Артур бросил быстрый взгляд на Петра, но тот уже успел перехватить инициативу в свои руки.
— Ладно, догадливая, лучше скажи как себя чувствуешь? — спросил он у сестры.
— Как? Как будто вчера родилась.
Катя вскочила из-за стола и закружилась по столовой, каким-то чудом умудряясь не налететь ни на один из острых углов. Выведенный на чистую воду самозванец захлопал в ладоши в такт ее дикому танцу, и только одному Петру было не до смеха.
— А где Груня?
— В кладовой, а что?
— Да так, поговорить нужно.
Под пристальным взглядом гостя, Петр отправился на поиски служанки. Та и правда что-то искала к кладовой, напевая себе под нос одну из песен Плевицкой.
— Я знаю, ты все еще любишь его.
— Глупости какие, что это на тебя нашло? — спросила Груня.
— Если тебе дорого это место, то ты не будешь больше говорить с ним, ты поняла?
— Больно надо. — проворчала она и выскочила из кладовки.
Петр вернулся и как ни в чем не бывало принялся размешивать сахар в чае.

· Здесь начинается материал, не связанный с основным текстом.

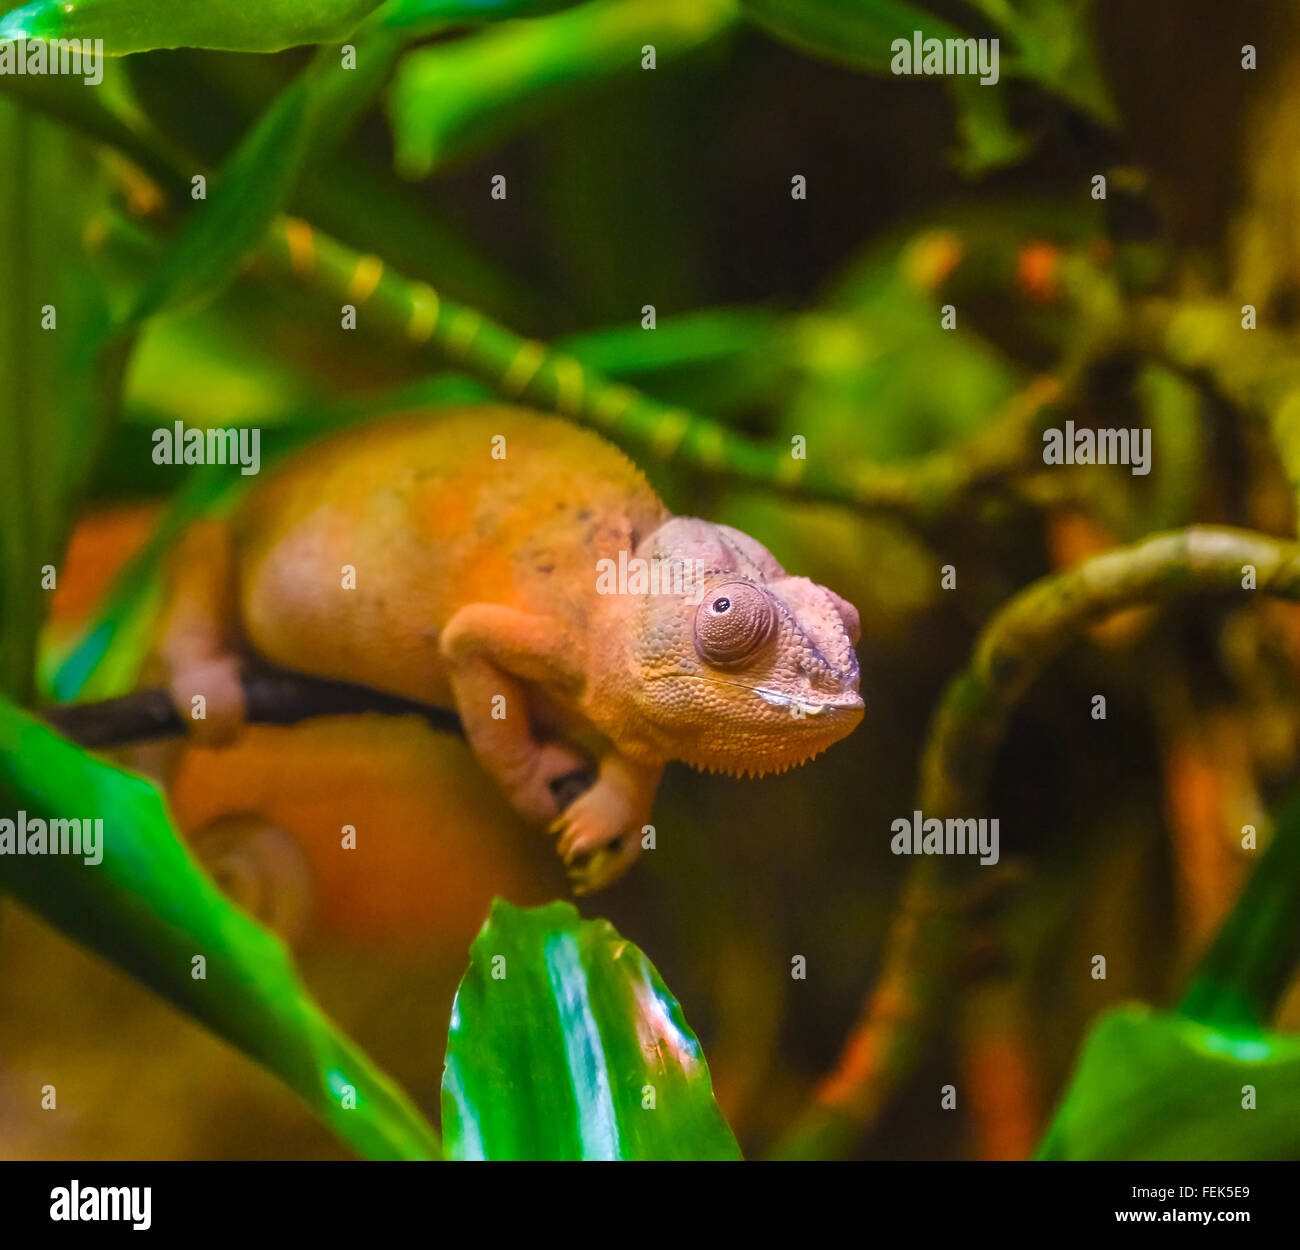 Orange-Chamäleon schaut aus den grünen Blättern in einem Gehäuse Regenwald zu simulieren Stockfoto

— А где мука или сегодня в обеденном меню что-то другое? — спросила Катя.
— Тебе бы все шутки шутить, людям есть нечего.
— Они сами сделали свой выбор, когда божьего избранника свергли.
— Боюсь, что наш гость не питает желания слушать наши дискуссии. Включи, пожалуйста, патефон.
— Как скажешь, милый брат.
Катя подскочила с места, взлохматив Петру волосы, подбежала к патефону, что стоял на подоконнике. Кружась в такт музыке, она опустилась обратно на место и обратилась к гостю:
— А вы какое блюдо предпочитаете?
— То, что поймал сам.
Петр поперхнулся, когда чужая нога скользнула по его лодыжке, и Катя с готовностью похлопала его по спине.
— Куда это ты? — спросил Петр у сестры, когда та вновь подскочила с места.
— За тебя, дурака, помолиться и за отца нашего, чтобы поскорее вернулся, — сказала, смеясь, она и добавила уже тихо. — хороший он, ты уж его не обижай.
Петр проводил сестру до самого порога, пытаясь уверить в том, что ей лучше остаться дома, ведь болезнь еще может вернуться, но Катя только хохотала и вертелась как егоза, уворачиваясь от попыток накинуть на нее пальто потеплее. Такой он не помнил ее с тех пор, как девушку отправили в школу, а сам он уехал, чтобы стать офицером царской армии.